The largest single example of a wild creature in the English countryside is the magnificent emperor stag which can be found on Exmoor.

Or, rather, he could be found there up until a week or two ago, when he was shot dead by a hunter. The great emperor's antlers are presumably now sitting over someone's fireplace like a halo - a testament to the powerful beauty of nature, and humanity's knack of curtailing it.

The strange thing about the death of the stag, though, is that no carcass has yet been found. The newspapers in England have all reported the incident as a fait accompli without any corroborating evidence.

This is the victimless crime; the murder in cold blood without a body; the accusation without proof. Subsequent back-tracking from the papers suggests that the stag has been sighted, alive and awe-inspiring. So what's going on?

There is a narrative here, and whether it's happened by accident or not, it differs from what I understand to be the usual position of a cynical and mocking Press. Or, perhaps, your author is feeling too sensitive to reason with at the moment, and observes the world through an improbably soft focus.

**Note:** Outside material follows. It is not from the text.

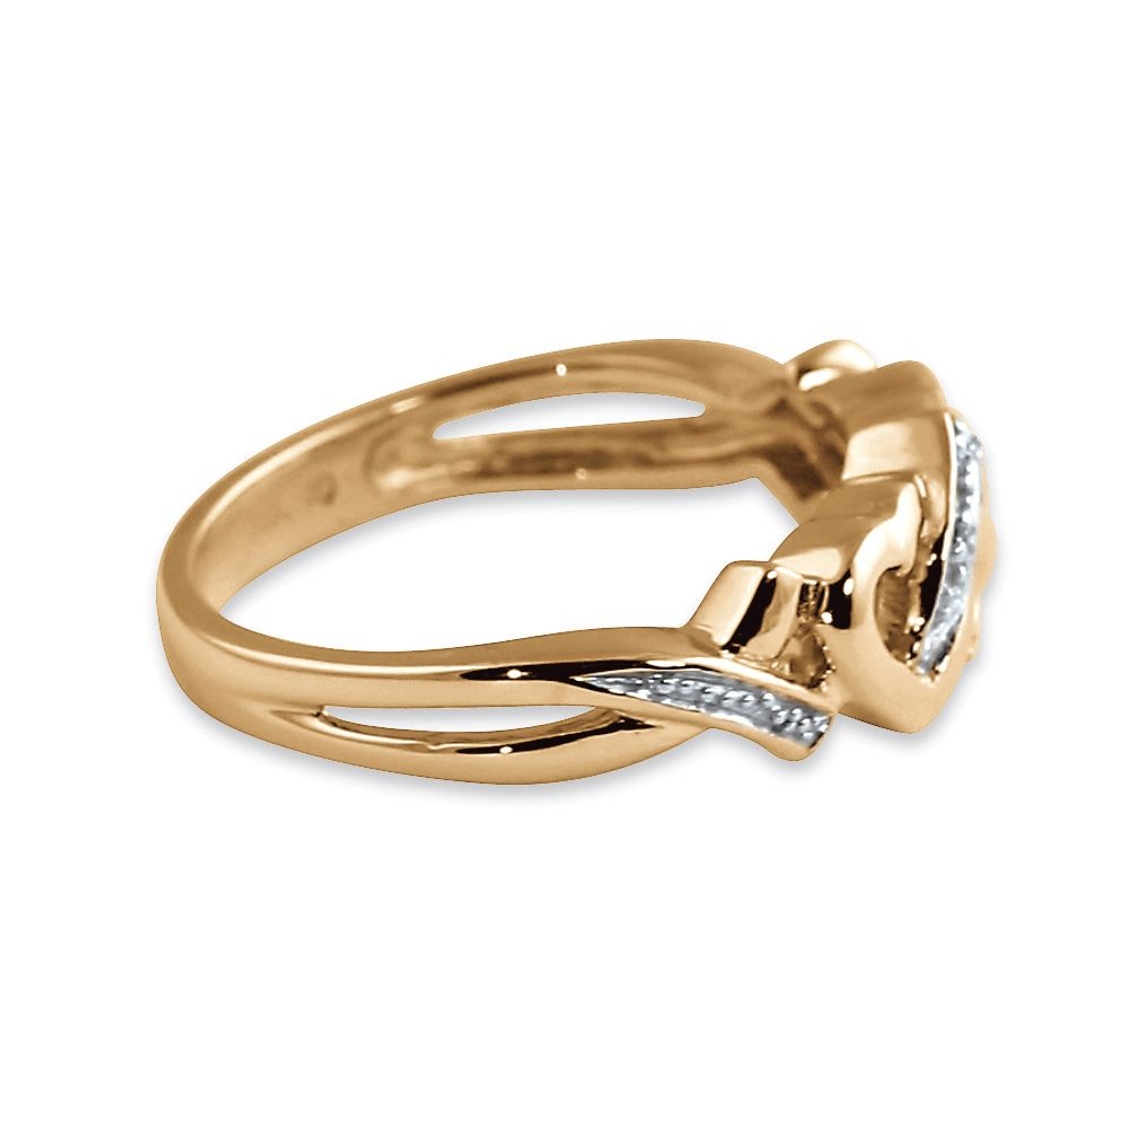 Diamond Accent Two-Tone Interlocking Hearts Ring in 18k Gold-plated Sterling Silver - Image 2 of 5

It's like the plot of a Hollywood film, observed through the prism of the one group of people (journalists) who like good-news stories the least. Never can a journalist be more true to their profession than when they are writing an obituary with its solemn black border, and the flaring capitals which read: DEXTER THE EXMOOR STAG 2004-2010 - the gentle giant with his glorious turrets who was snatched away from us all too soon. We're offering a bumper reward of £20,000 for anyone who leads us to Dexter's killer. Call the newsdesk on 0208....

Yet the kink in this story is that the stag might still be alive, and we are thus no longer able to project our loathing onto the banker or hedge fund manager or Premiership footballer's agent who perpetrated the crime - a member of the moneyed, insulated classes who are the subject of much distaste.

The stag is a metaphor for everything that we feel has been taken away from us by distant, anonymous figures - our civil liberties, even more of our meagre wages, and our proximity to nature, eroded by boredom, technology, and the pressure to step into line by effacing our ugliness and insignificance with a quick shot of money.

But look: he lives! in the same way that we too persist, even as (we are sure) our lives are being progressively reduced to a nub by forces beyond our control. The stag is, if you want to believe it, a message for the 21st century, along with the birds who happily divebomb from telegraph poles, that all hope is not yet lost.